Question

A satellite in a circular orbit of radius r has period T. A satellite in a nearby orbit with radius r + Δr, where Δr << r , has the very slightly different period T+ ΔT.

a) Show that $\frac{\Delta T}{T}=\frac{3}{2}\frac{\Delta r}{r}$

b) Two earth satellites are in parallel orbits with radii 6700 km and 6701 km. One day they pass each other, 1 km apart, along a line radially outward from the earth.

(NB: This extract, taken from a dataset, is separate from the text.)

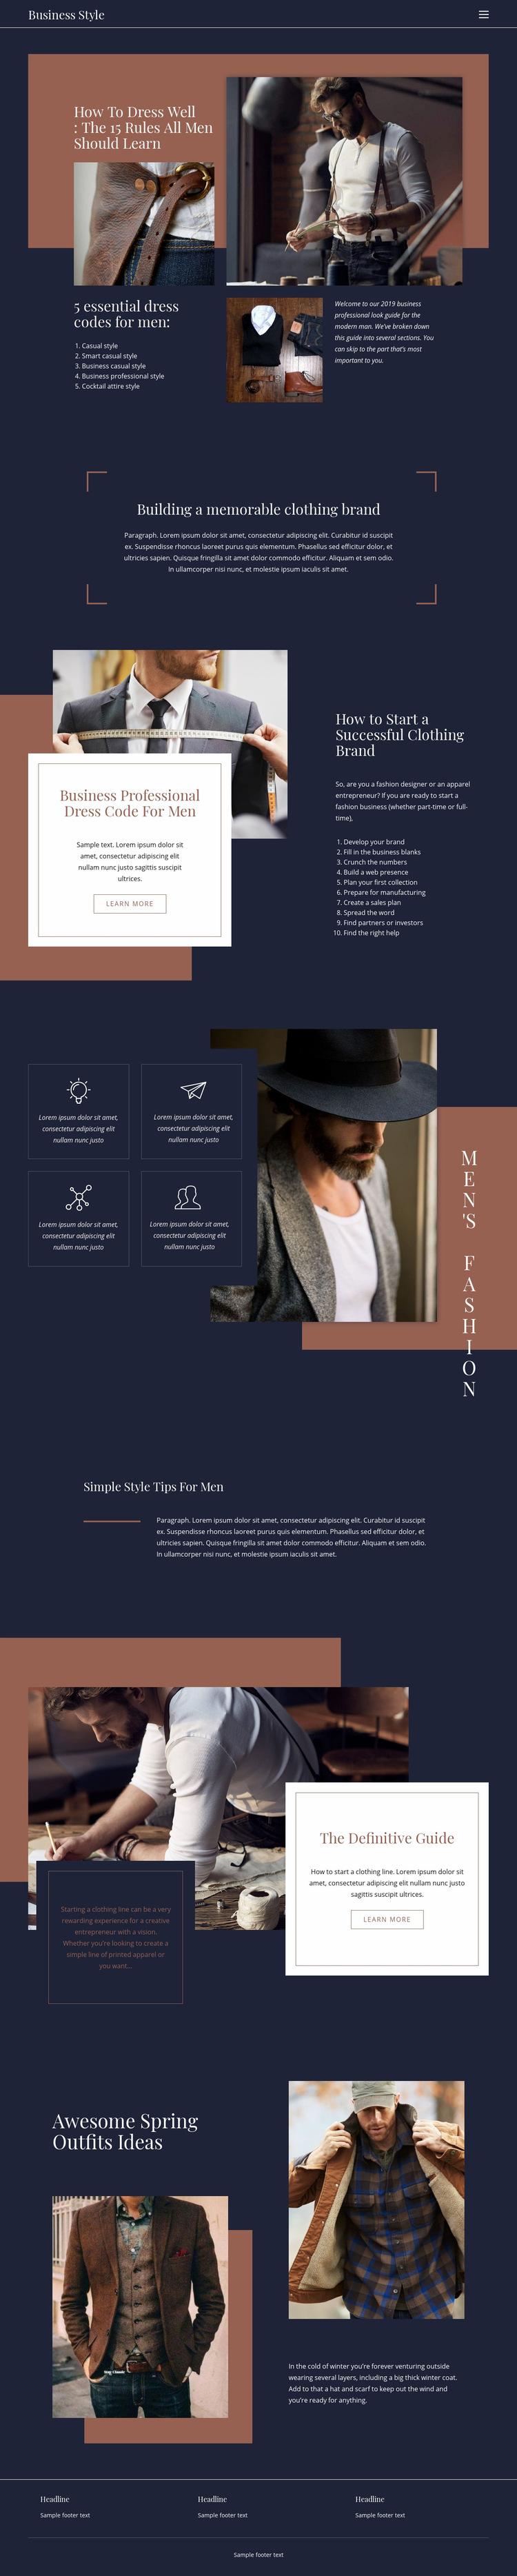 Winning rules of fashion Web Page Design

How long will it be until they are again 1 km apart?

Short answer

a) The given expression is proved.

b) They will meet again after 281.05 days

Step-by-step solution

Part(a) Step1: Given information

Two satellites are crossing each other. r and T are the radius of orbit and time period of first satellite whereas r + Δr, and T + ΔT, are the radius of orbit and time period of the second satellite respectively.

Part(a)Step2: Explanation

From Kepler's law

$T=\sqrt{\frac{4{\pi }^2}{GM}}{r}^{3/2}$

Now lets assume $\mathrm{a}=\sqrt{\frac{4{\pi }^2}{GM}}$, the first satellite obeys the $T=a{r}^{3/2}$.
And , for the second satellite as it varies with Δr and ΔT so it will be

$T+\Delta T=a{r}^{3/2}{\left(1+\frac{\Delta r}{r}\right)}^{3/2}$

as $\frac{\Delta r}{r}<<1$

so,

$T+\Delta T=a{r}^{3/2}\left(1+\frac{3}{2}\frac{\Delta r}{r}\right)$

Now subtracting the equation $T=a{r}^{3/2}$for the first satellite:

$\Delta T=a{r}^{3/2}\left(\frac{3}{2}\frac{\Delta r}{r}\right)$

On dividing with the equation for T, we get

$\frac{\Delta T}{T}=\frac{3}{2}\times \frac{\Delta r}{r}$

And proved.

Part(b) Step1: Given information

Two satellites are in parallel orbit.
Radius of orbit of first satellite,r=6700 km
Radius of orbit of second satellite, r + Δr=6701 km
Mass of Earth =5.98 x 10²⁴ kg

Part(b)Step2: Explanation

In part(a) of the problem we have established

$\frac{\Delta T}{T}=\frac{3}{2}\times \frac{\Delta r}{r}$

Substitute values

$$\begin{gathered} \frac{\Delta T}{T}=\frac{3}{2}\left(\frac{1\mathrm{km}}{6700\mathrm{km}}\right) \\ \frac{\Delta T}{T}=2.24\times {10}^{-4} \end{gathered}$$

So after $\frac{1}{2.24\times {10}^{-4}}=4467$periods, they will meet again.

Find the value of One period

$$\begin{gathered} T=\sqrt{\frac{4{\pi }^2}{G\left(5.98\times {10}^{24}\mathrm{kg}\right)}} \\ =5453.3\mathrm{s} \\ =1.51\mathrm{hr} \end{gathered}$$

So they will meet again after 4467 periods = 4467 x 1.51 hours =6745.2 hours

.6745.2 hours =281.05 days .